Keywords: Quantitative Imaging, Cancer, Independent Component Analysis

Using Independent Component Analysis (ICA) in dynamic Oxygen-Enhanced MRI has been shown to improve the sensitivity of this technique. However, the ICA component has to be identified manually by an observer. In this work we propose an optimization process that automatically determines the best number of components and extracts the component in best accordance to the target function of the breathing challenge.

Introduction

Dynamic oxygen enhanced MRI (dOE-MRI) uses changes in the oxygen level of tissues and blood during a period of excess oxygen breathing as contrast to indicate oxygenation. Using Independent Component Analysis (ICA; a computational technique first described by Hyvarinen in 19991) to analyze the change in image intensity following a cycling gas breathing challenge has been shown to improve the sensitivity of dOE-MRI in murine tumour models2. However, this analysis relies on an observer to manually determine the number of components and select the component in closest correspondence with the target function of the gas breathing challenge. Here we automate the component selection process using a metric that compares how closely the Fourier transform of an expected breathing challenge response approximated the Fourier transform of the observed, ICA-derived components. We demonstrate the application in tumour oxygenation analysis of dOE-MR imaged pancreatic patient-derived xenograft (PDX).

Methods

Twenty-six mice each bearing one of three pancreatic PDX tumour models (Pancreas Centre BC) were scanned on a 7T Bruker BioSpec 70/30 scanner, using a volume transmit coil and a custom surface receive coil at the University of British Columbia MRI Research Center. A 2D Multi-Gradient Echo sequence was used to obtain T1- and T2*-weighted images, as well as calculate T2* and T1-dependent parameter maps. The dOE-MRI gas breathing challenge consisted of segments of two minutes each, starting with medical air, followed by a switch to 100% oxygen. The switch was performed remotely, operated by a gas mixer following a preprogrammed breathing paradigm, with a fluctuation of three cycles, over a total of 14 minutes. Independent Component Analysis (ICA) was applied over the Regions of Interest (ROI), using the sklearn.decomposition.FastICA machine learning algorithm3. The ICA was iterated for a range of number of components (n=2...20). The Wasserstein metric was used to calculate the distance between the Fourier transformed spectrum of every component with the Fourier transformed spectrum of the target function arising from the cyclic gas breathing challenge. The Wasserstein distance is a metric that allows the comparison of two different distributions. It can be described as the amount of work that is required to transform one distribution into the other4. For a given ICA, the component (and related dOE-MRI maps) with the lowest Wasserstein distance was chosen.

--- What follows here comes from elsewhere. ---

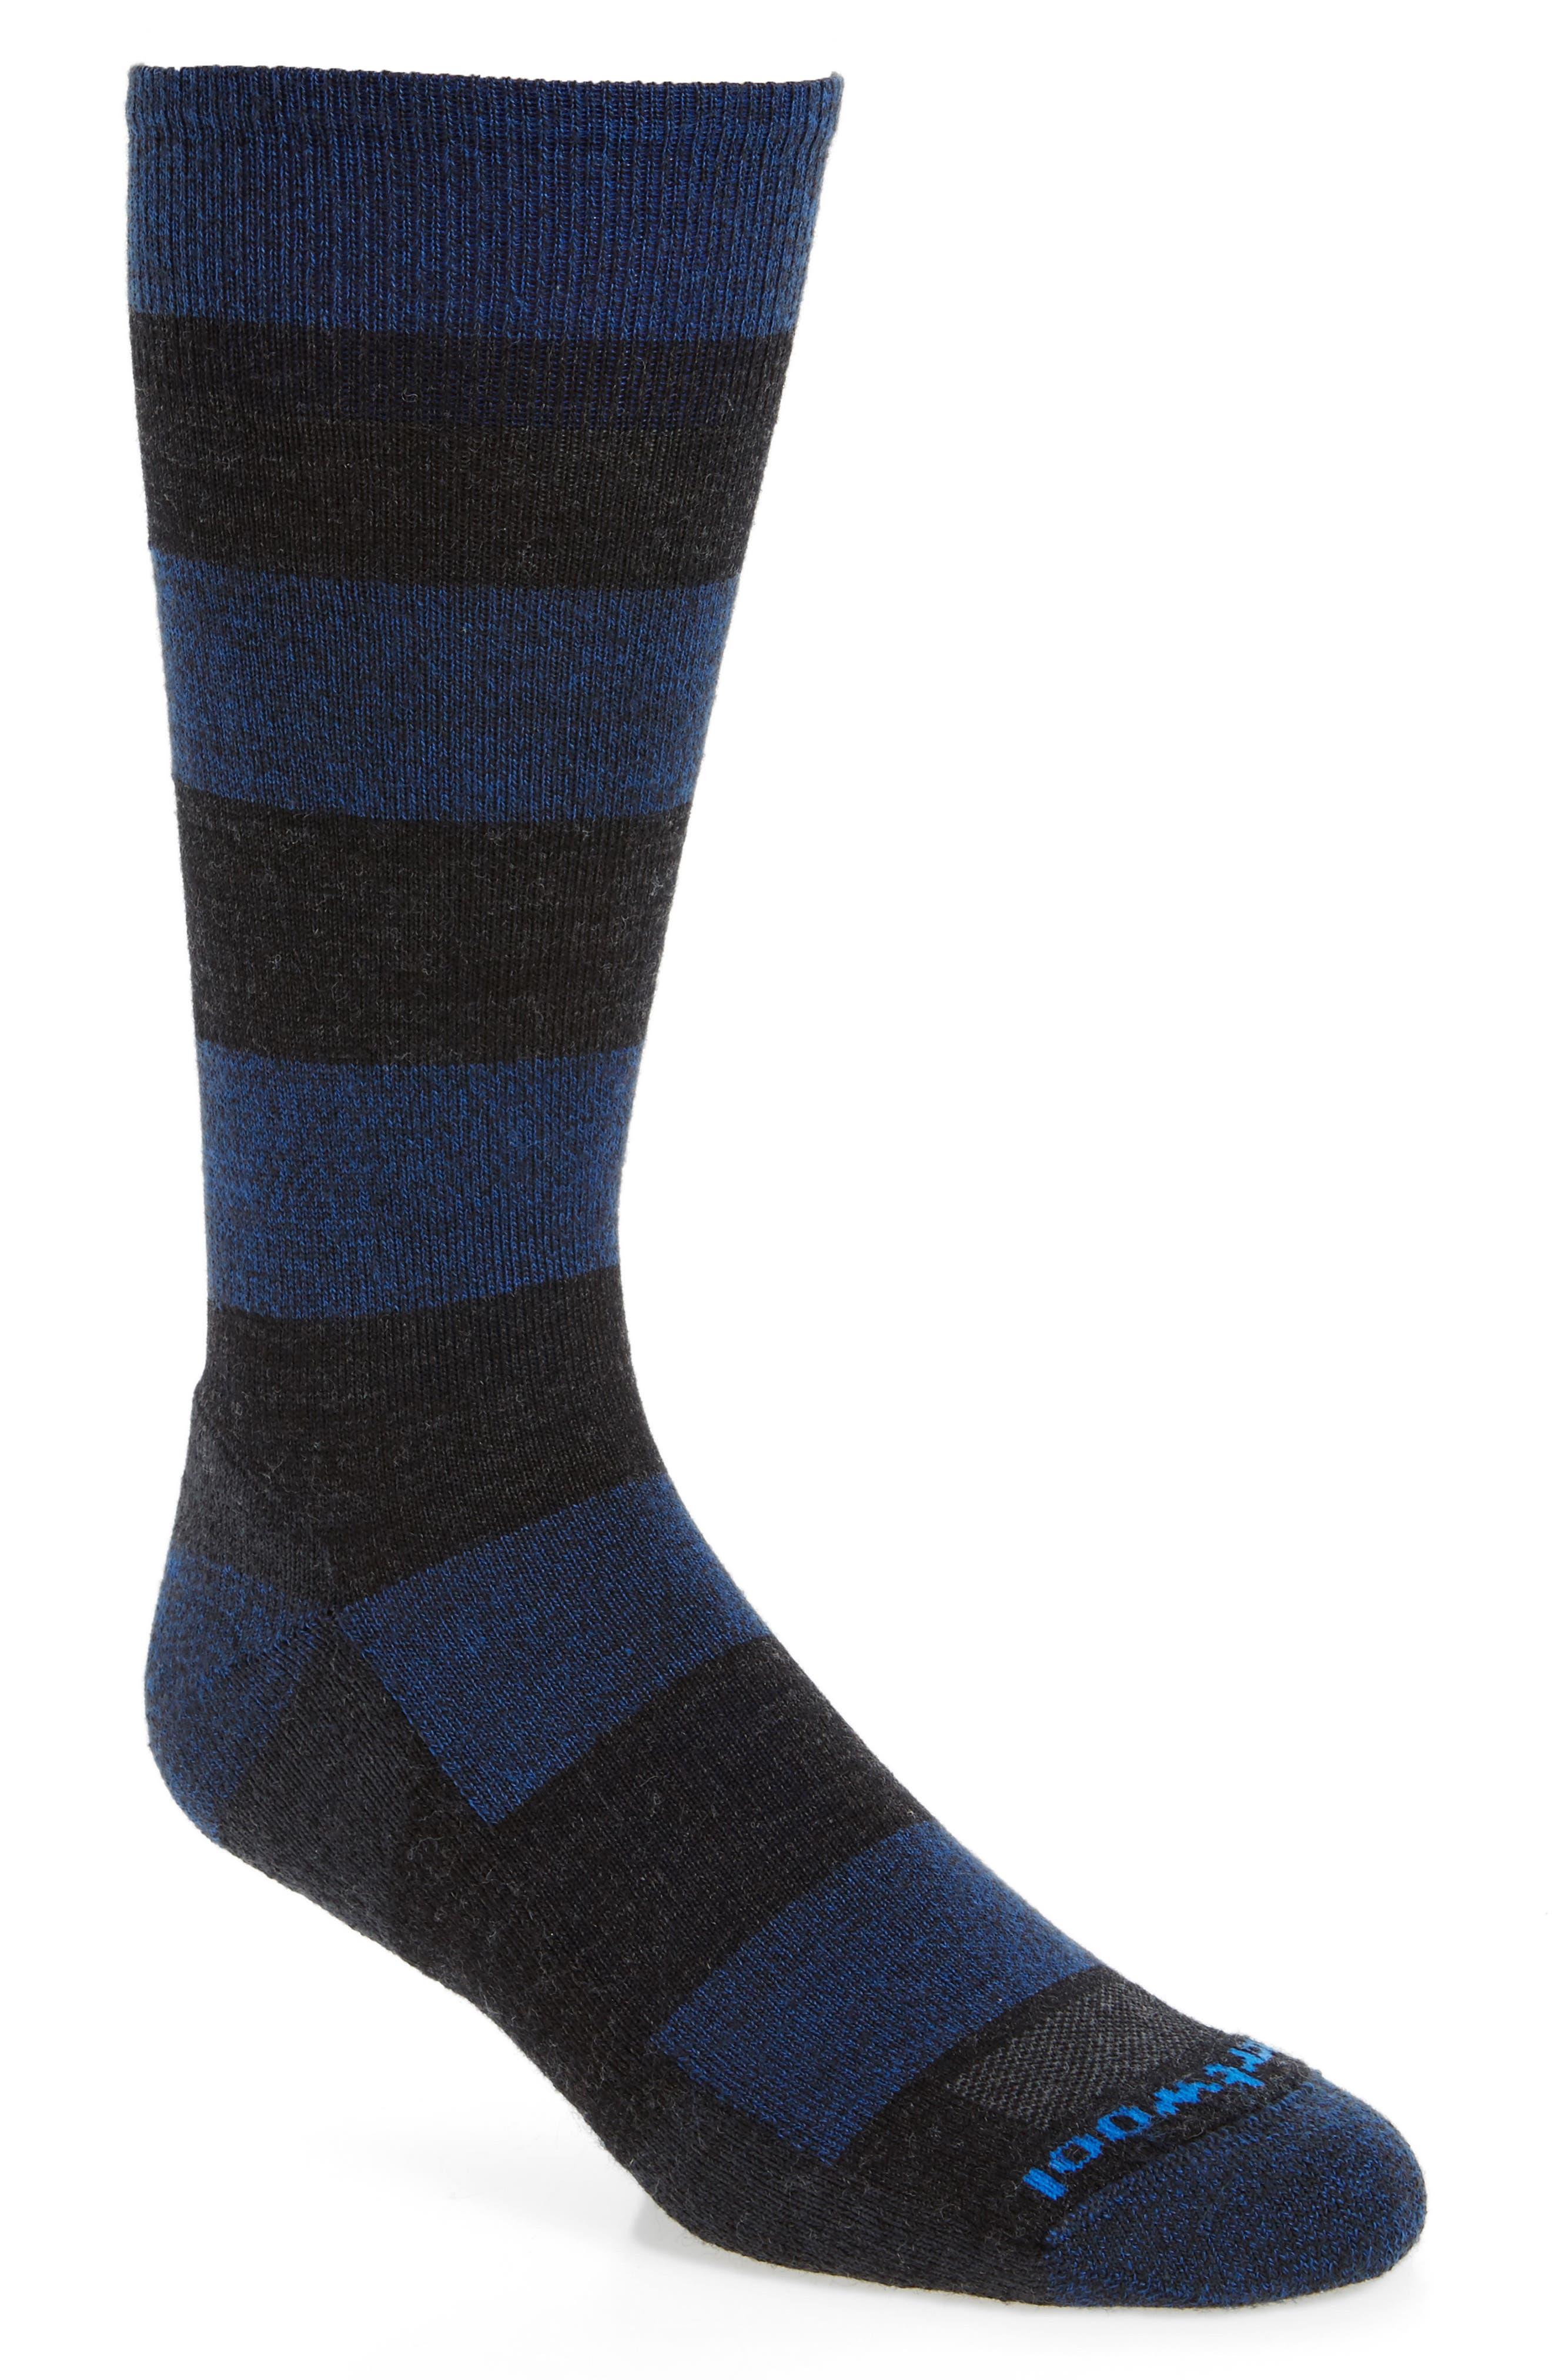 Alternate Image 1 Selected - Smartwool Gimsby Stripe Socks

In these maps, voxels are colored according to the contribution of each voxel to the signal intensity change over time.

Results

Using the automated component detection, it is feasible to conduct a search over all ICAs, with the number of components out of a previously defined range. The result is the optimal number of components which includes the component trace with the lowest Wasserstein value. The program returns this optimal number of components as well as the component trace, that best aligns with the target function.
It was observed consistently across most tumours (93.75%), that if the information corresponding to the oxygen challenge is present in the data, the program will return the correct component trace and is even more sensitive than a manual search by an experienced operator. However, the Wasserstein criterion will always identify a component with minimal distance even if a challenge function is, in fact, not present in the data.

Discussion

In this study we are proposing an alternative to the manual component selection process previously used by our group during ICA analysis of dOE-MRI. Using the Wasserstein distance as a metric for comparing two distributions, it is possible to extract the component that is in highest accordance with the target function originating from the cycling gas breathing challenge. Automation of the component finding process using the Wasserstein distance leads to great results in nearly all analyzed tumours, providing an objective measure for selection of the best fitting component from the data. However, occasional artifacts in the data require continued manual verification of individual results. These artifacts include greater value being placed on larger frequencies due to the nature of Fourier transforms, which leads to slow-moving trends tending to be favoured, returning a misleading component. Moreover, when no component is visible in the data, the algorithm still returns a result, making a manual review necessary. One potential solution is to define a cut-off value beyond which components are automatically disregarded.

Conclusion

The proposed optimization of the selection process based on the principles of Fourier transformation and a distribution metric improves the process for ICA in combination with a cyclic oxygen challenge in dOE-MRI. This step resolves the long-standing issue of manual and potentially biased component selection in the analysis process and can be implemented to further optimize the workflow advancing the potential of dOE-MRI in tumour oxygenation determination. With this work we have proven its feasibility in a pre-clinical pancreatic PDX tumour model.

Acknowledgements

We gratefully acknowledge the support of the Cancer Research Society Charlotte Légaré Memorial Fund as well as the NSERC Discovery Grant.

References

1. Hyvärinen, A. Fast and Robust Fixed-Point Algorithms for Independent Component Analysis. IEEE Transactions on Neural Networks 10(3): 626-634 (1999).

2. Moosvi, F. et al. Fast and sensitive dynamic oxygen-enhanced MRI with a cycling gas challenge and independent component analysis. Magn Reson Med. 81(4): 2514– 2525 (2019).

3. Pedregosa, F. et al. Scikit-learn: Machine Learning in Python. Journal of Machine Learning Research 12(85): 2825−2830 (2011).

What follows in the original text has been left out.